Holding off email during server upgrade

I've been a linode customer for years now. During that time, Fedora has progressed from 19 to 24+. It's becoming more trouble to stay on-top of upgrades than simply move forward. Whenever I upgrade distributions, I generally perform a re-install and re-configuration rather than a rolling upgrade. A completely clean slate has less future problems in my experience. And I maintain a fairly complete site-guide with the deltas from a clean install. I'm very comfortable with this process and have performed it many times on other hosted machines/vmachines.

With linode, I would like to shutdown things like Apache, Postfix, MYSQL, etc, make one final rsync over the network to an off-site backup host, then install the latest Fedora image cleanly. Once that image comes up, I'm worried it will have a default MTA running that will happily accept ESMTP traffic and politely tell everyone, "Return to Sender" - Elvis Presley style. It will do this for a window of time before I can login to the newly running image and stop the MTA while I restore it's configuration.

Does anyone have any advice on how to minimize this window? Do the install images at linode have MTA stopped by default? Is there an external firewall that can block mail ports (encrypted and non-encrypted) during the upgrade window?

Thanks!

3 Replies

I've been meaning to migrate from Ubuntu 32 bit to 64 bit. Here's a couple of ideas:

* Create a new, temporary Linode which would have a new IP, log in and disable the email server then redirect DNS MTA settings to point to the new temporary Linode.

Or keep a Lish console window open, do the rebuild and when the instance boots you can log in right away and stop the MTA until you get it configured.</list> 

Edit: I'd do what glg suggested, clearly I didn't have enough coffee.

@hightowera:

I've been a linode customer for years now. During that time, Fedora has progressed from 19 to 24+. It's becoming more trouble to stay on-top of upgrades than simply move forward. Whenever I upgrade distributions, I generally perform a re-install and re-configuration rather than a rolling upgrade. A completely clean slate has less future problems in my experience. And I maintain a fairly complete site-guide with the deltas from a clean install. I'm very comfortable with this process and have performed it many times on other hosted machines/vmachines.

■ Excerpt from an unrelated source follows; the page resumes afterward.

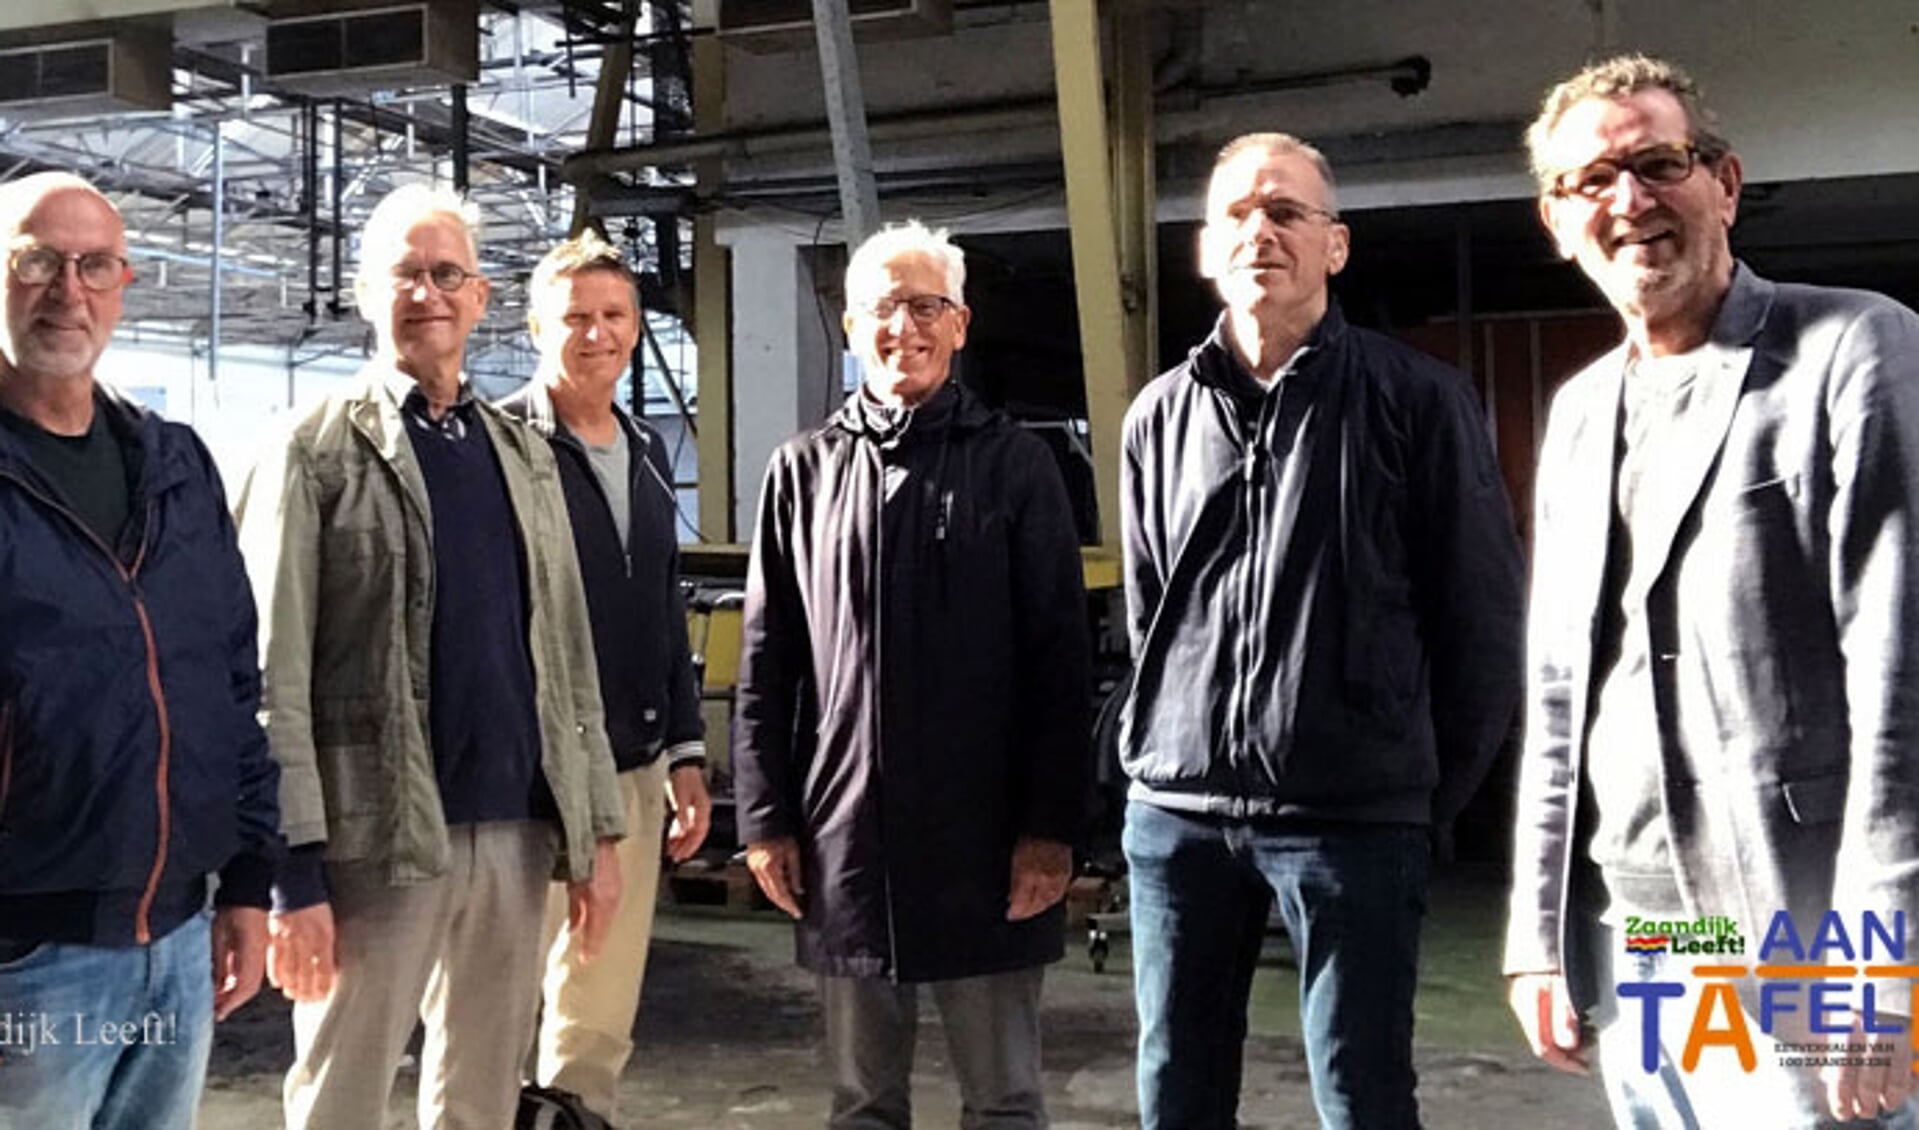 De kerngroep ‘Zaandijk Aan Tafel!’ v.l.n.r. : Ron Witbaard, Leo Walraven, Richard Kok, Dennis Meijer, Gert van Houts en Rob Witbaard (op de foto ontbreekt Age de Jong).

With linode, I would like to shutdown things like Apache, Postfix, MYSQL, etc, make one final rsync over the network to an off-site backup host, then install the latest Fedora image cleanly. Once that image comes up, I'm worried it will have a default MTA running that will happily accept ESMTP traffic and politely tell everyone, "Return to Sender" - Elvis Presley style. It will do this for a window of time before I can login to the newly running image and stop the MTA while I restore it's configuration.

Does anyone have any advice on how to minimize this window? Do the install images at linode have MTA stopped by default? Is there an external firewall that can block mail ports (encrypted and non-encrypted) during the upgrade window?

Thanks!

There's no need to do this on your existing linode. Before you stop your existing linode, build the new one, get everything installed/configured. Then when you're ready to migrate, stop all services on current host, copy data offsite, copy data to new host, swap IPs and you're done.

In my experience (CentOS and Ubuntu), Linode images do not come with an MTA pre-installed at all. But yeah, glg has the right idea.